But if God’s in charge, what about sin? Why is evil, chaos, and death part of our universe if God’s pulling every single string of our cosmic puppet show?

If you’re not a determinist—and I’m not, and I would argue the apostle John’s not—there’s a really simple answer: He’s not pulling every single string of the show. He’s not so inept a creator that he built something, but constantly has to fiddle with it lest it go awry. But if it does go wrong, it’s not God’s fault: His creation has free will. It can legitimately make its own decisions—and choose to do what God told it to, or do its own thing. That’s the cause of evil, chaos, and death. Not God.

Determinists insist no, God’d never cede control of his domain like that. (Certainly they never would, were they God.) And since he doesn’t clamp down on the evil (again, not like they would, were they God) it must mean he determined this evil, chaos, and death oughta happen. He wants it to. It’s not the fallout from our bad choices; it’s part of the plan. A plan full of evil, chaos, and death; so much so it’s properly called an evil plan. Which God’ll sort out in the long run, but in the short run, God sovereignly decrees there will be evil, chaos, and death.
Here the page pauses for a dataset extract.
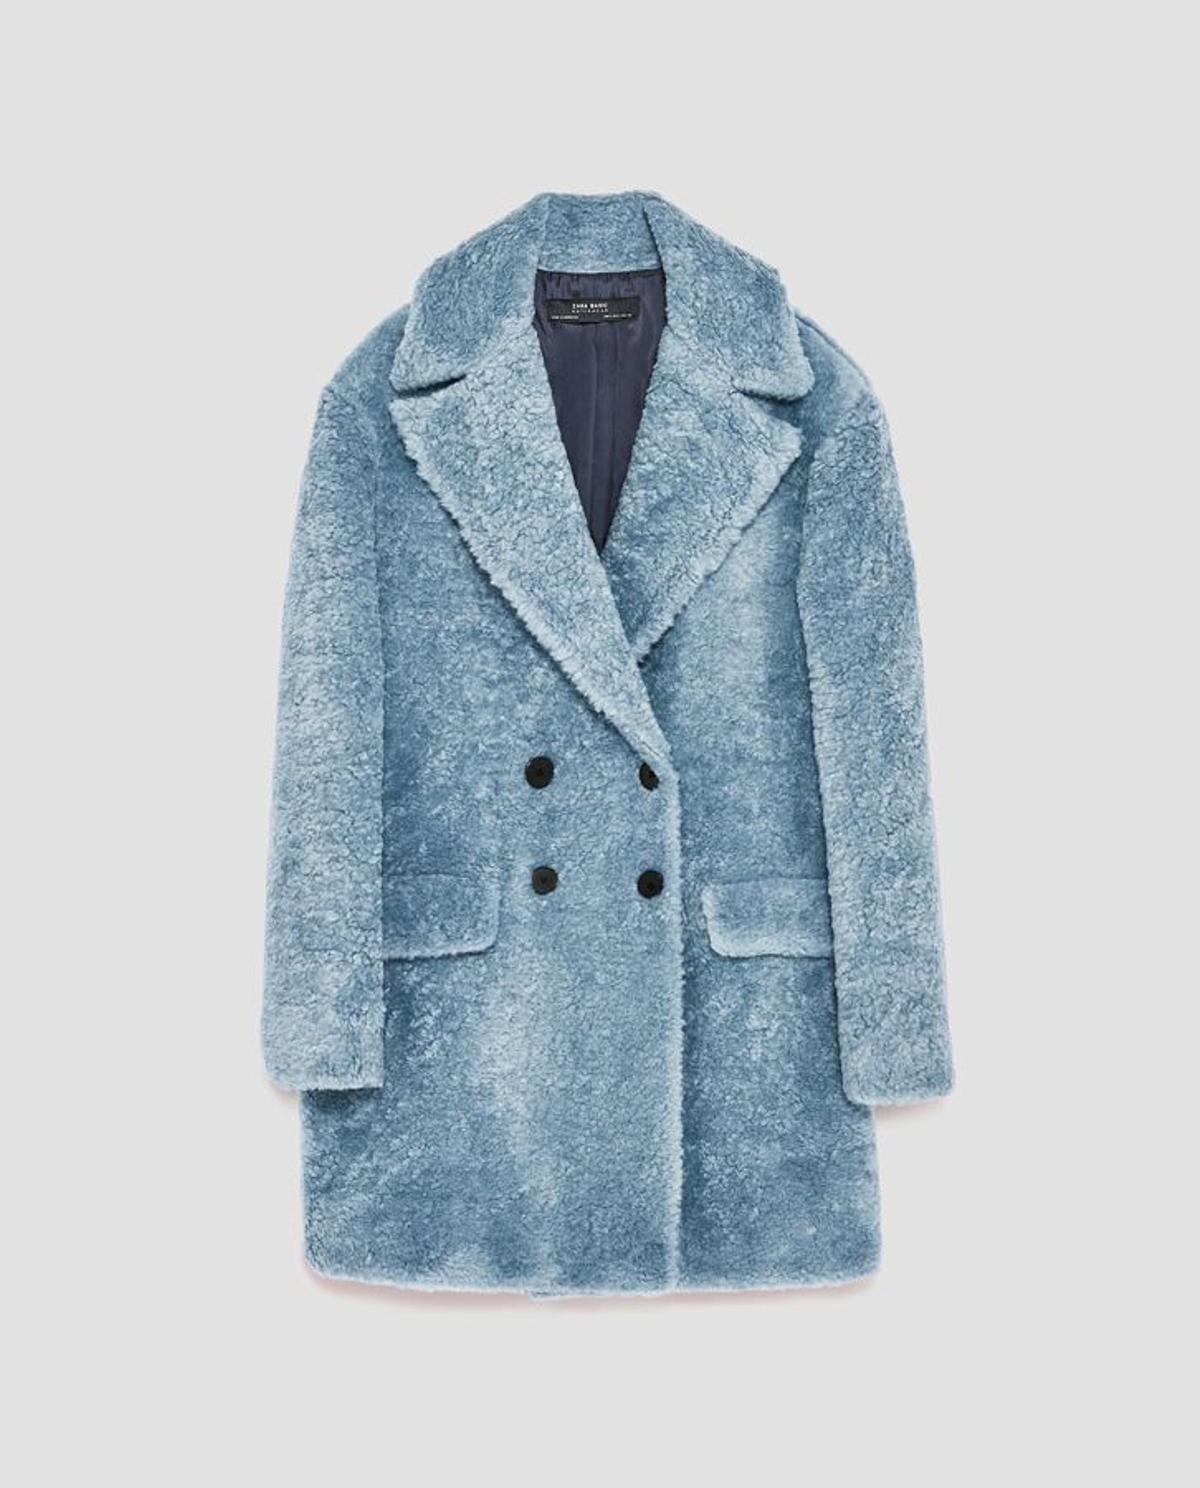 'Shopping' para el Black Friday: abrigo azul, de Zara

You’ve seen this in sitcoms and superhero movies, like The Incredibles: Somebody wants to look like a hero, so he creates a disaster, fully intending to “solve” the problem himself so everybody can laud him as a hero. Well, this is exactly how determinists describe God: He’s gonna solve all the evil in the world, and as a result receive all the glory. But… didn’t he create the problem in the first place?

And y’notice in the sitcoms and superhero movies, the mastermind usually gets exposed as the person who created the crisis in the first place. And universally denounced as a fraud. ’Cause he totally is. Yet for some reason, determinists never get to that part of the plot: They keep insisting no, even though God’s totally behind the evil, he’s not evil. He can’t be; he says he’s not!

Eventually their incredible explanations get a little too incredible for even them to believe. Which is why so many determinists quit Christianity or turn atheist. And y’know, if God really is the way determinists claim, I don’t blame people at all for rejecting him: That’s not a good God!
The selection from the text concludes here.